Maher introduced the mefloquine defense in Bales’ appeal to the U.S. Army Court of Criminal Appeals in 2017 but justices rejected it as speculative. That decision was upheld by the U.S. Court of Appeals last year and the U.S. Supreme Court declined to consider the case.

The petition filed last week falls under a federal statute that allows prisoners to challenge the outcomes of their trials or courts martial. Maher said a new trial would allow Bales to enter a plea of not guilty by reason of insanity.

"We are not saying Bob Bales is innocent. He killed 16, including women and children," Maher said, "but he deserves a fair trial."

Dr.

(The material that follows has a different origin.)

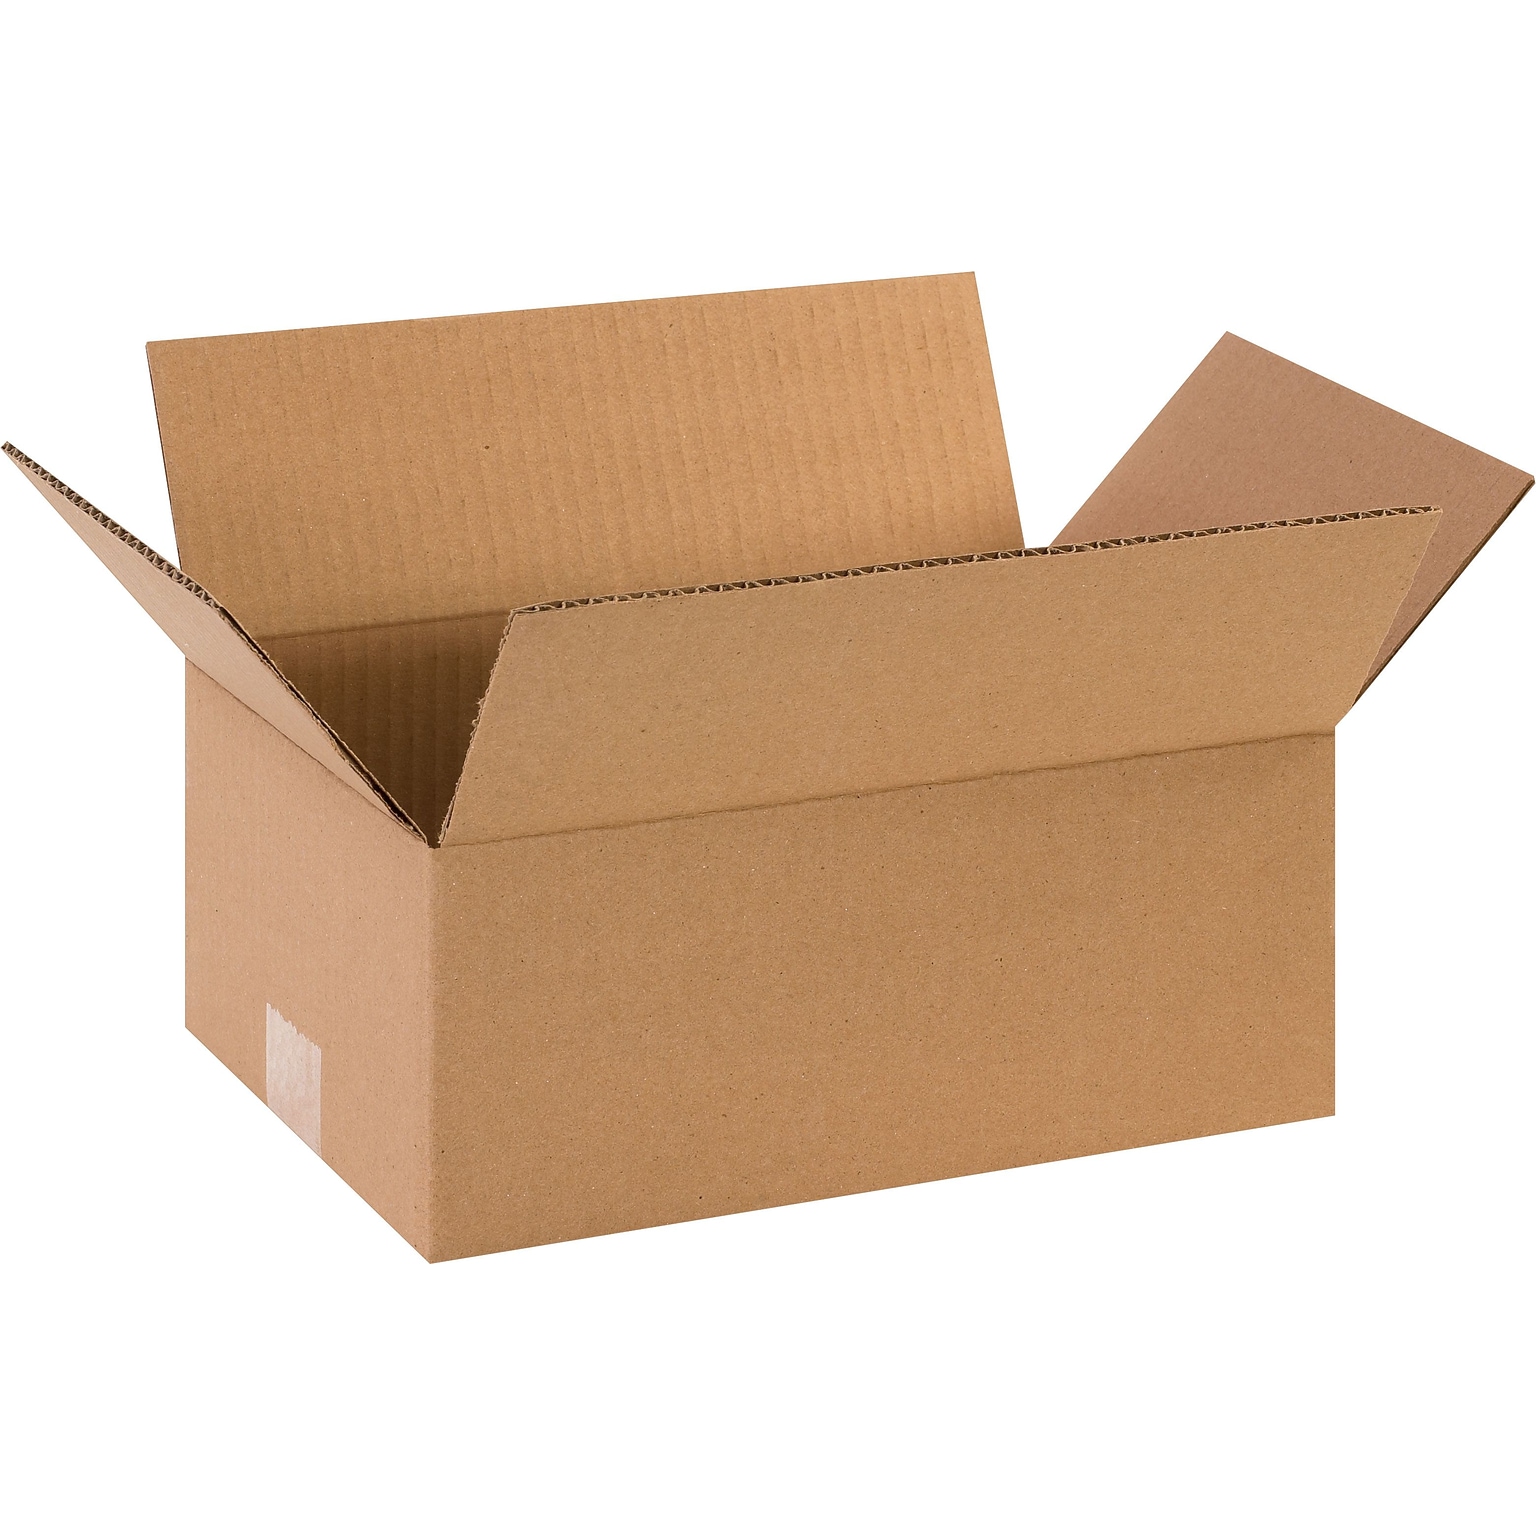 12 x 8 x 5 Shipping Boxes, 32 ECT, Brown, 25/Bundle (1285)

Remington Nevin, a former Army infectious disease specialist who now heads The Quinism Foundation, a nonprofit that supports research and advocates for patients sickened by mefloquine and related drugs, said in a sworn statement he believes Bales experienced "adverse psychiatric effects as a direct result of his very likely exposure to mefloquine" during a deployment to Iraq in 2003.

Nevin argued that although the medication is not documented in Bales' medical records, it was commonplace for the Army not to record the weekly medication. Bales, in his opinion, was laboring under symptoms of psychosis, including visual hallucinations -- the lights -- and 'bizarre, persecutory delusions' before the murders.

"Given my opinion that Staff Sgt. Bales was very likely involuntary intoxicated from mefloquine, substantial issues are raised about his knowing entry into a plea of guilty without the benefit of expert medical evaluation," Nevin wrote.

Mayer has said if the civilian court system does not grant his client a new trial, he will seek executive clemency from President Donald Trump.

Last year, Retired Army Lt. Col. Jay Morse, who led the government's prosecution team in 2013, said during Bales' trial, no members of the defense team raised mefloquine as a factor in the massacre.